▶ [DATA BELOW]:
++++++++++
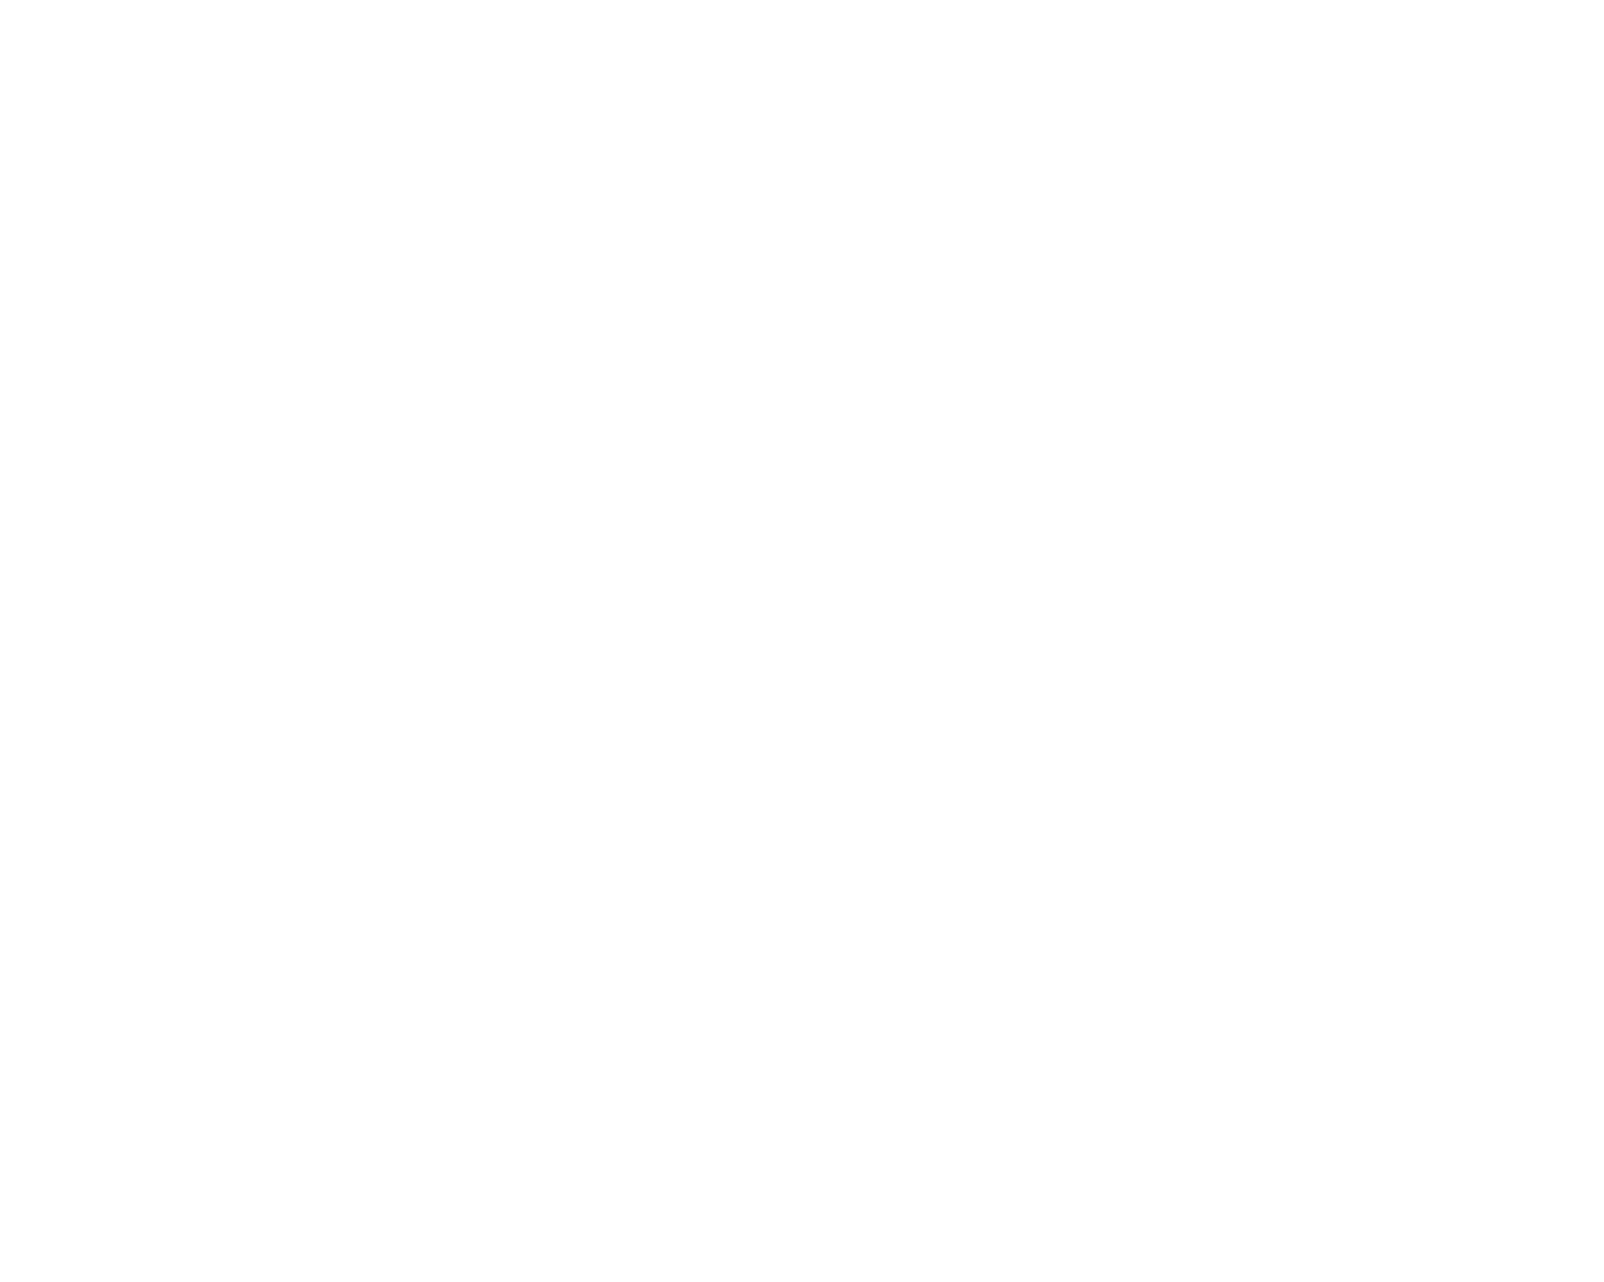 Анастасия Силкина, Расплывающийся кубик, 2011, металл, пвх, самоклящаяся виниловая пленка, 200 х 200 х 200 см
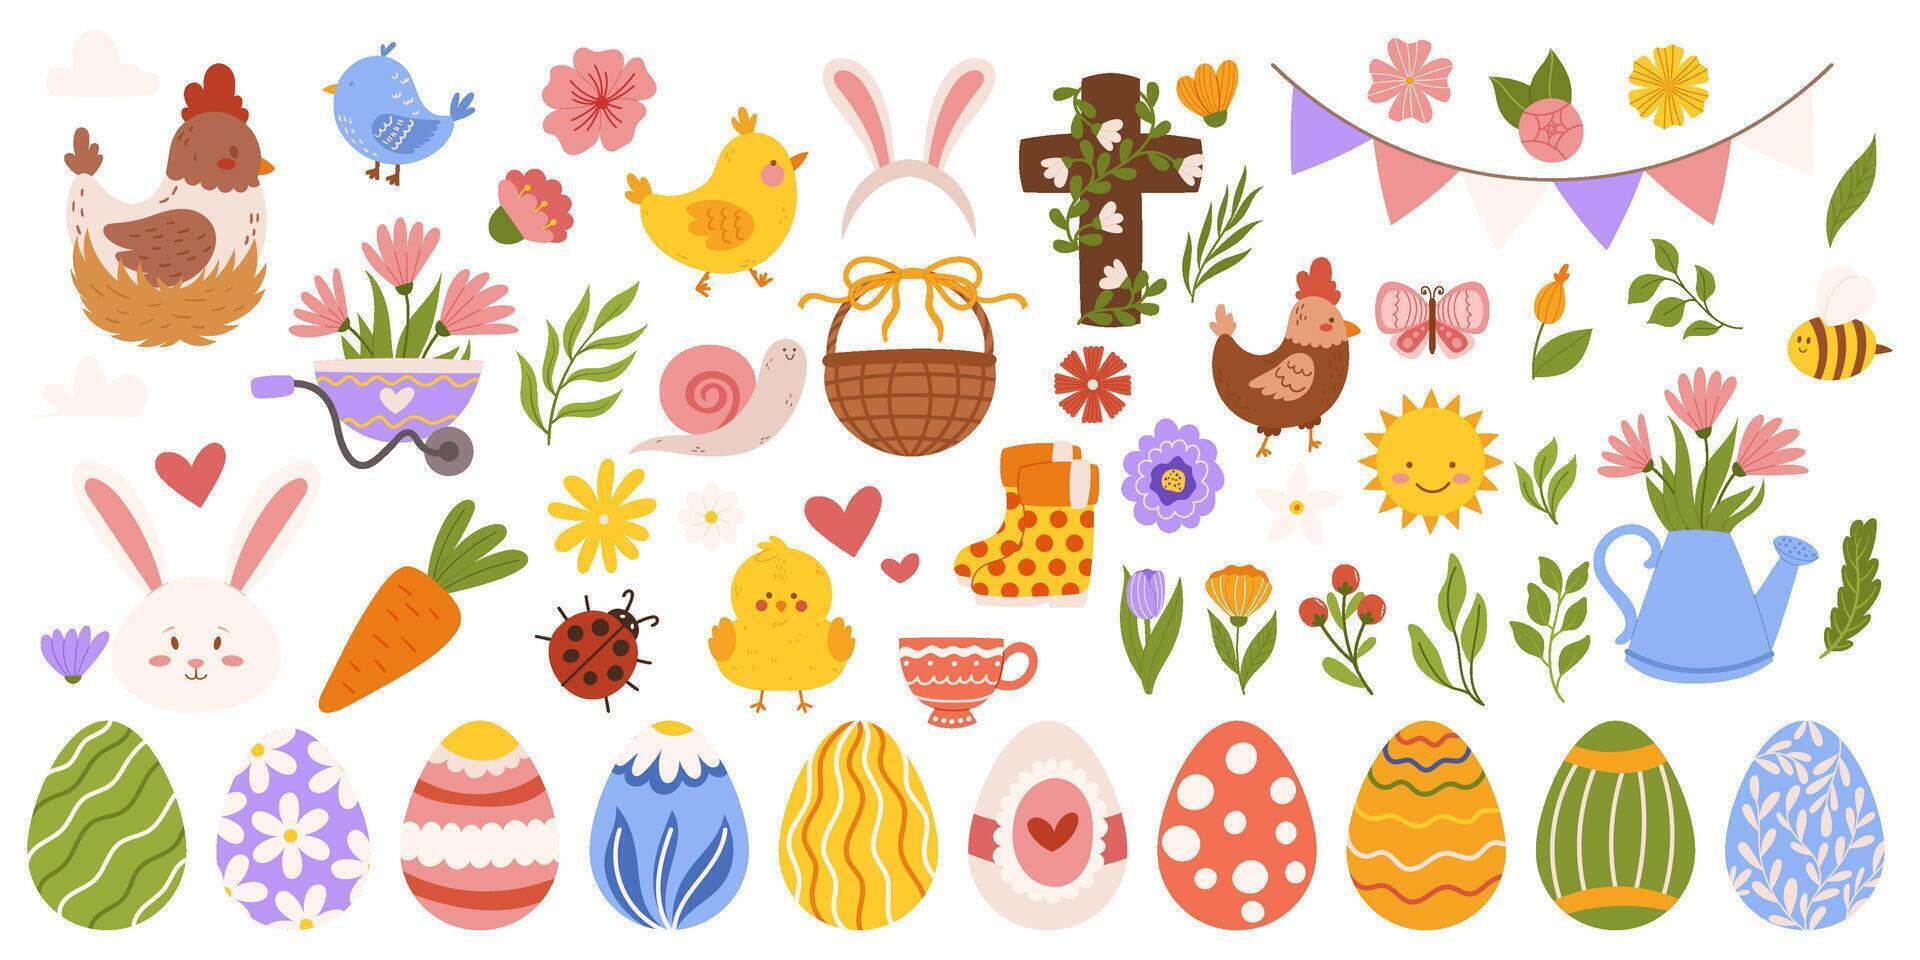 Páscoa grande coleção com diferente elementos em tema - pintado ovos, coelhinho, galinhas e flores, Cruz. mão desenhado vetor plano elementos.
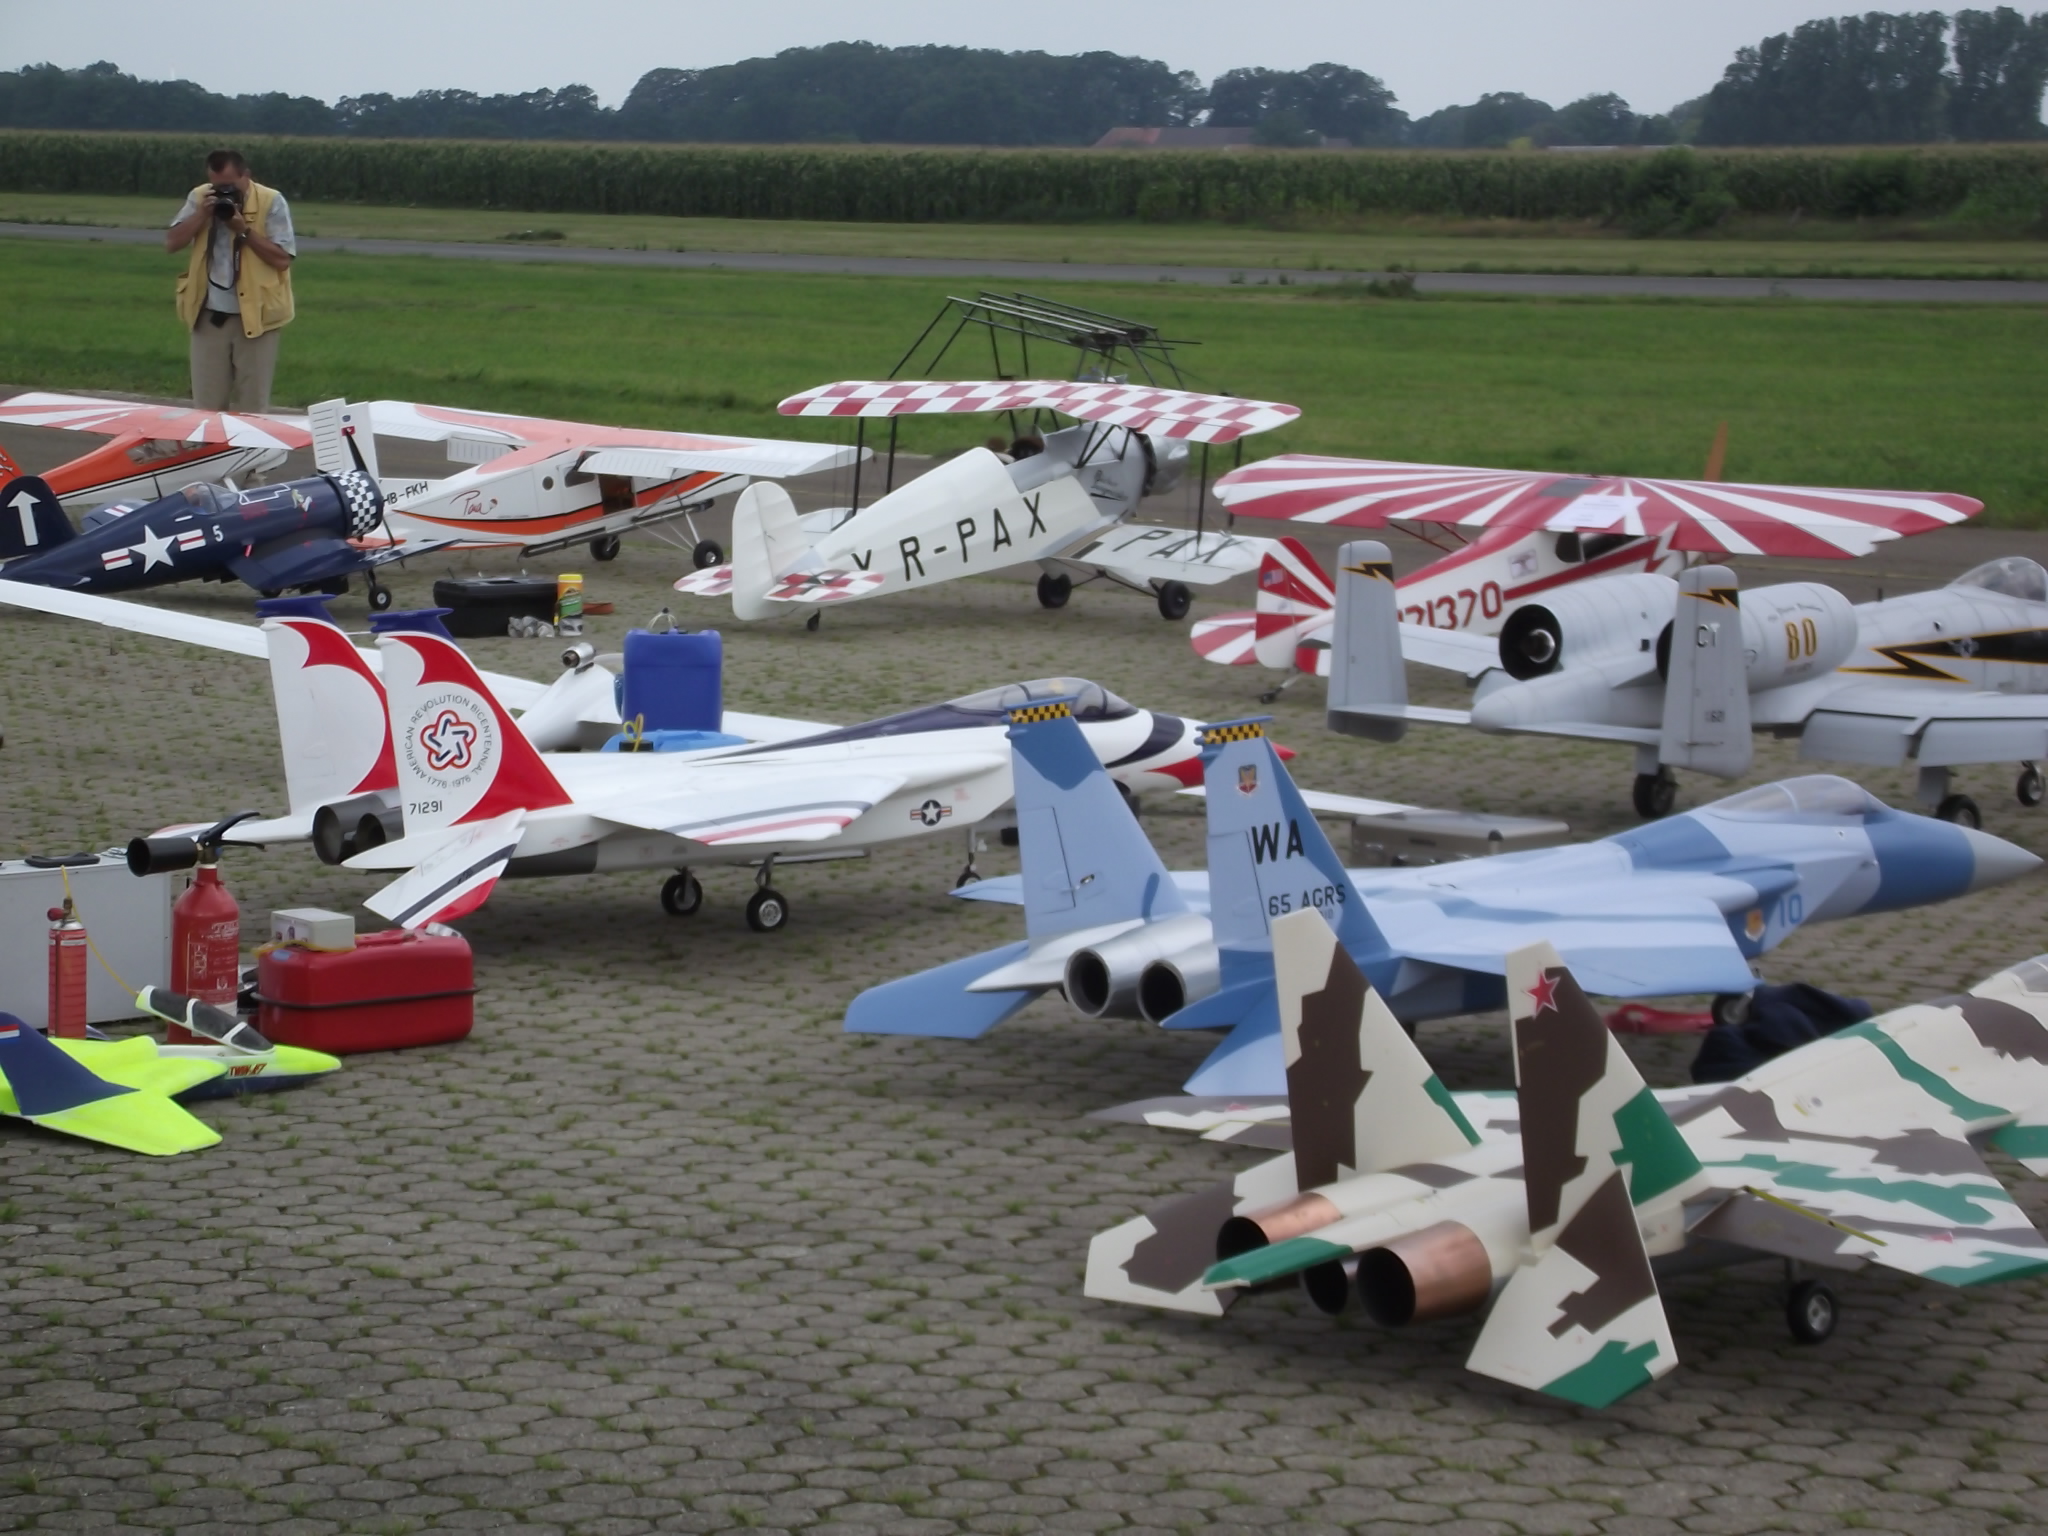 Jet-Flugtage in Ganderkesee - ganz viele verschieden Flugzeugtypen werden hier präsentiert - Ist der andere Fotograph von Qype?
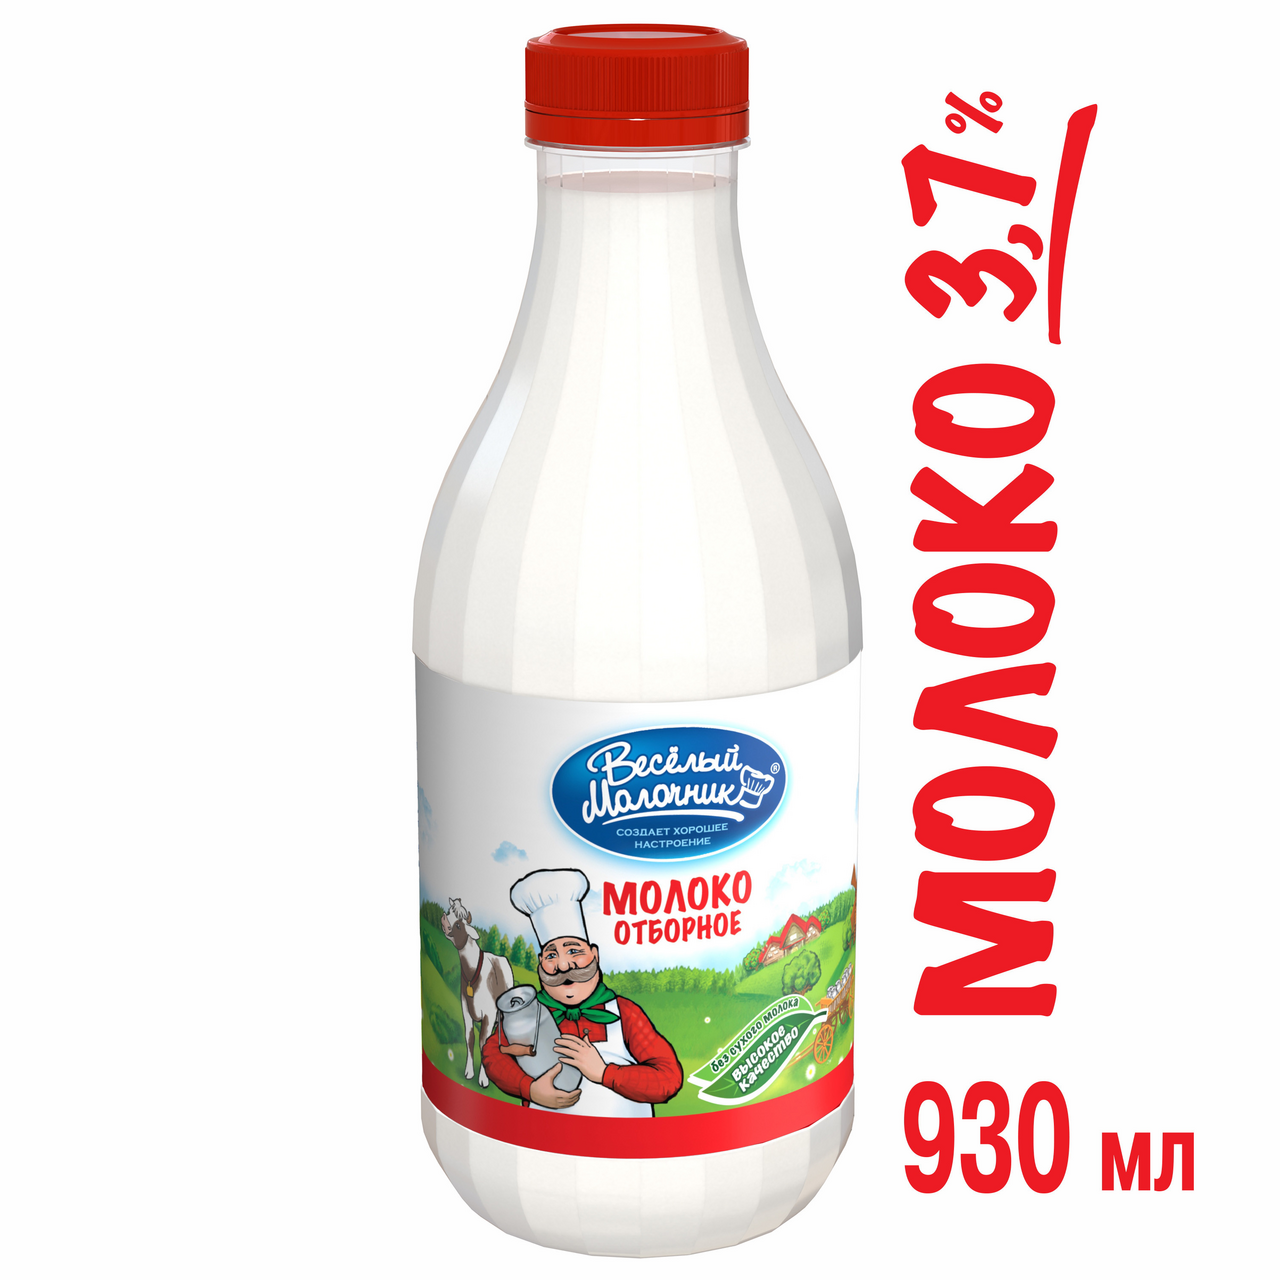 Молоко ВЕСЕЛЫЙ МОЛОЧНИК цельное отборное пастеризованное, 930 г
++++++++++
▶ [ACTIVITY]:
Write down exactly the lines running from the line with "Jet-Flugtage in Ganderkesee" through the end of the material, both ends included, and none of the pictures.

▶ [ANSWER AREA]:
 Jet-Flugtage in Ganderkesee - ganz viele verschieden Flugzeugtypen werden hier präsentiert - Ist der andere Fotograph von Qype?
 Молоко ВЕСЕЛЫЙ МОЛОЧНИК цельное отборное пастеризованное, 930 г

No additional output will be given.